The following steps can guide your choice of a method to compare a UCL to a legal standard or health advisory. Methods depend on the number of observations (detects and nondetects) available.

  1. Are there at least 20 observations? NO: Assume the best fitting distribution to estimate the UCL. Go to step 2. YES: Use a bootstrap (nonparametric estimation) method. Go to step 3.

  2. Distributional Methods

  1. Use a boxplot (the cboxplot command) to take a first look at the data. Decide whether or not outliers are retained or not based on the sampling strategy that was used and the objectives of the study. If data were collected using a probabilistic sample, an equal-area sample, or other representative sampling, keep all observations unless the portions of the area the outliers represent are to be excluded from the estimation study. If it is unclear what area each observation represents, investigate why the outliers occur and decide accordingly. Note that outliers will strongly affect the estimate of the UCL95, so this decision is critical. If they are part of what people have been exposed to, keep them. If they are mistakes or represent an area that is not to be considered, delete them. A statistical test cannot be used to make this decision for you.

  2. Decide which of three distributions best fits the data using either the cenCompareQQ or cenCompareCdfs function. Of these three, select the distribution with either the highest PPCC or lowest BIC statistic. I prefer the BIC statistic because it better measures the misfit caused by the normal distribution going negative and not matching the 0 lower limit of the data.
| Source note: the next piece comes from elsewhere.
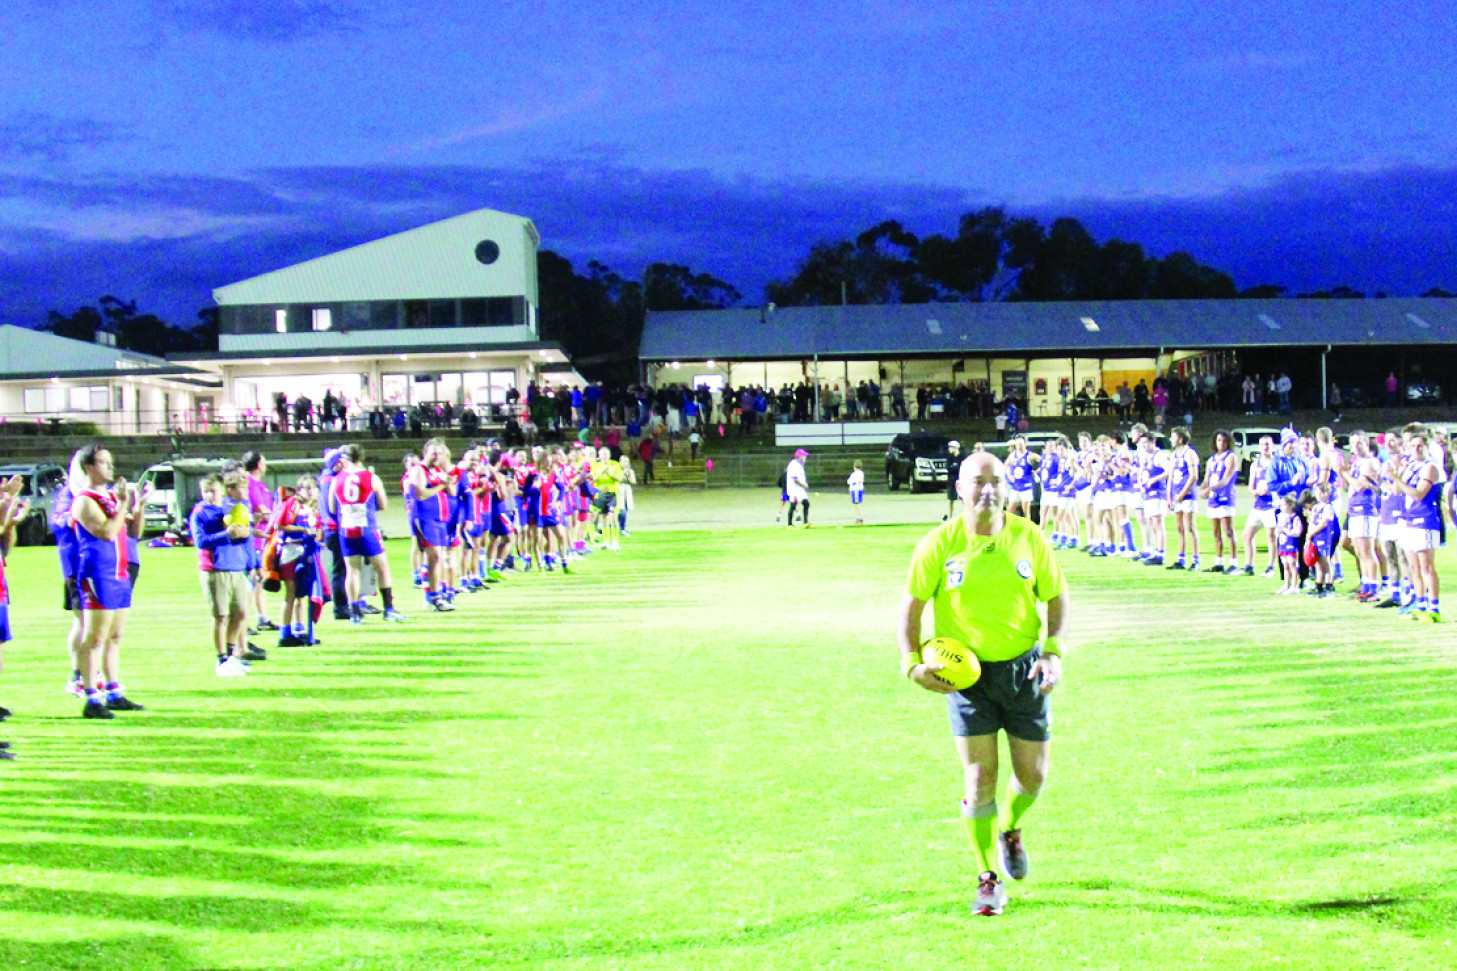 Donald and St. Arnaud teams formed a guard of honour for Darren marking his last game umpiring

    • If the normal distribution was selected, check the low (left) end of the plot to see when the projected values drop below zero, indicating negative concentrations are being estimated. If this percentage is more than a trace, the normal distribution is not a good fit, even if the PPCC was high. You should choose the next-highest PPCC distribution instead, or the lowest BIC statistic, instead of the normal distribution.
  3. Use the best-fit distribution from 2b to compute the UCL. The three commands, one for each of the three distributions, are:

enormCensored(Data, Cen,ci=TRUE, ci.type="upper", ci.method="normal.approx")
elnormAltCensored(Data, Cen, ci=TRUE, ci.type="upper", ci.method="bootstrap")
egammaAltCensored(Data, Cen, ci=TRUE, ci.type="upper", ci.method="bootstrap")

In each of these commands, the input column of concentrations plus detection limits is shown as “Data”, and the censoring indicator column (0/1 or FALSE/TRUE) as “Cen”. Use the appropriate variable names in your dataset instead.

  1. Nonparametric Methods
  1. If there are multiple detection limits, use the Kaplan-Meier (KM) estimate, computing a UCL95 with a BCA or percentile bootstrap estimate. Report the BCA UCL95 estimate for up to 40% NDs and the percentile bootstrap for greater than 40% censoring (Singh et al., 2006, page 114). Use 5000 bootstrap repetitions so that the estimate is stable from one time to the next.
enparCensored(Data, Cen, ci=TRUE, ci.method="bootstrap", ci.type="upper", n.bootstraps=5000)
  1. If there is only one detection limit the KM method in essence substitutes the detection limit for all NDs. It will not project values below the lowest DL as that would require a distribution to show how the values are arranged below the lowest DL. This will bias upward the estimate of the mean. I recommend you bootstrap the lognormal ROS method (elnormAltCensored command) instead.

    Singh et al. (2006) state that the UCL95 is better estimated using KM than by ROS methods for censored data, and based on this overall statement, recommend that KM be used in any situation with nondetects. I believe they haven’t split out the one-DL situations separately and looked at the resulting bias. They simply state that they’ve shown that KM is always better. Statisticians disagree.